Are the residuals from the analysis reasonably normal and homoscedastic?

Which instructors had classes with significantly different mean sodium intake from which others?

Does this result correspond to what you would have thought from looking at the plot of the LS means and confidence intervals?

 

How would you summarize the effect of the supplements?


2.  As part of a professional skills program, a 4-H club tests its members for typing proficiency.  Dr. Katz, and Laura, and Ben want to compare their students’ mean typing speed between their classes, as well as for the software they used to teach typing.

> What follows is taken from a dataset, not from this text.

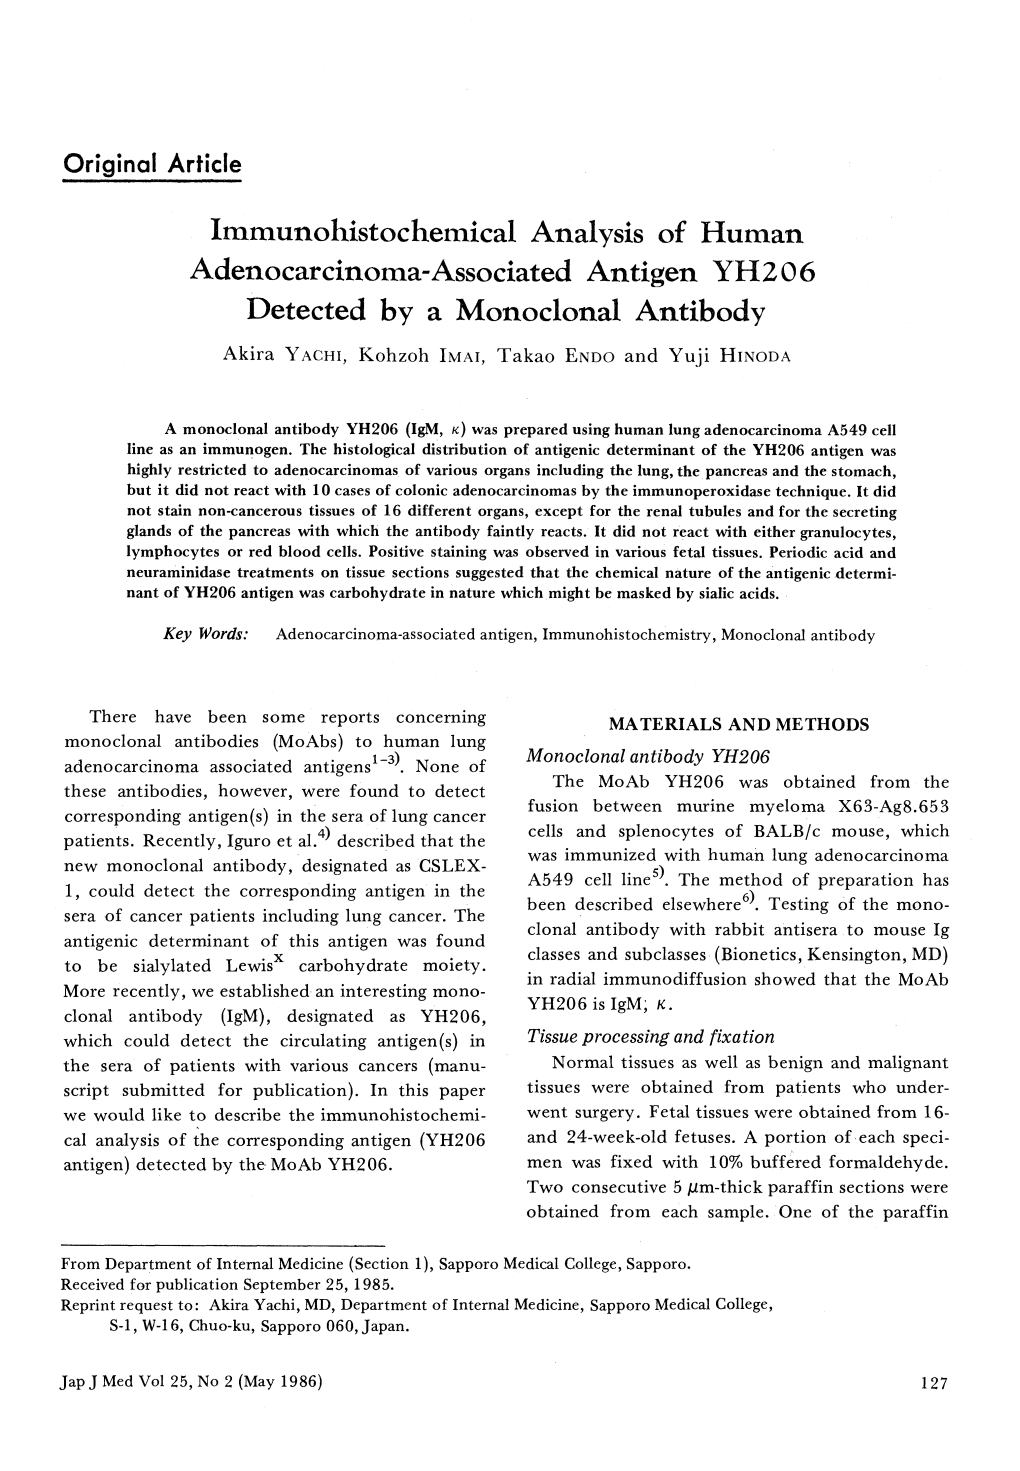 Immunohistochemical Analysis of Human Adenocarcinoma-Associated Antigen YH20 6 Detected by a Monoclonal Antibody Akira Yachi, Kohzoh Imai, Takao Endo and Yuji Hinoda

Instructor                             Software  Words.per.minute
'Dr. Katz Professional Therapist'      A         35
'Dr. Katz Professional Therapist'      A         50
'Dr. Katz Professional Therapist'      A         55
'Dr. Katz Professional Therapist'      A         60
'Dr. Katz Professional Therapist'      B         65
'Dr. Katz Professional Therapist'      B         60
'Dr. Katz Professional Therapist'      B         70
'Dr. Katz Professional Therapist'      B         55
'Dr. Katz Professional Therapist'      C         45
'Dr. Katz Professional Therapist'      C         55
'Dr. Katz Professional Therapist'      C         60
'Dr. Katz Professional Therapist'      C         45
'Laura the Receptionist'               A         55
'Laura the Receptionist'               A         60
'Laura the Receptionist'               A         75
'Laura the Receptionist'               A         65
'Laura the Receptionist'               B         60
'Laura the Receptionist'               B         70
'Laura the Receptionist'               B         75
'Laura the Receptionist'               B         70
'Laura the Receptionist'               C         65
'Laura the Receptionist'               C         72
'Laura the Receptionist'               C         73
'Laura the Receptionist'               C         65
'Ben Katz'                             A         55
'Ben Katz'                             A         55
'Ben Katz'                             A         70
'Ben Katz'                             A         55
'Ben Katz'                             B         65
'Ben Katz'                             B         60
'Ben Katz'                             B         70
'Ben Katz'                             B         60
'Ben Katz'                             C         60
'Ben Katz'                             C         62
'Ben Katz'                             C         63
'Ben Katz'                             C         65


For each of the following, answer the question, and show the output from the analyses you used to answer the question.

 

What was the LS mean typing speed for each instructor’s class?

Does Instructor have a significant effect on typing speed?

Does Software have a significant effect on typing speed?

Are the residuals reasonably normal and homoscedastic?

Which instructors had classes with significantly different mean typing speed from which others?

Does this result correspond to what you would have thought from looking at the plot of the LS means and standard errors?

Is this design balanced or unbalanced?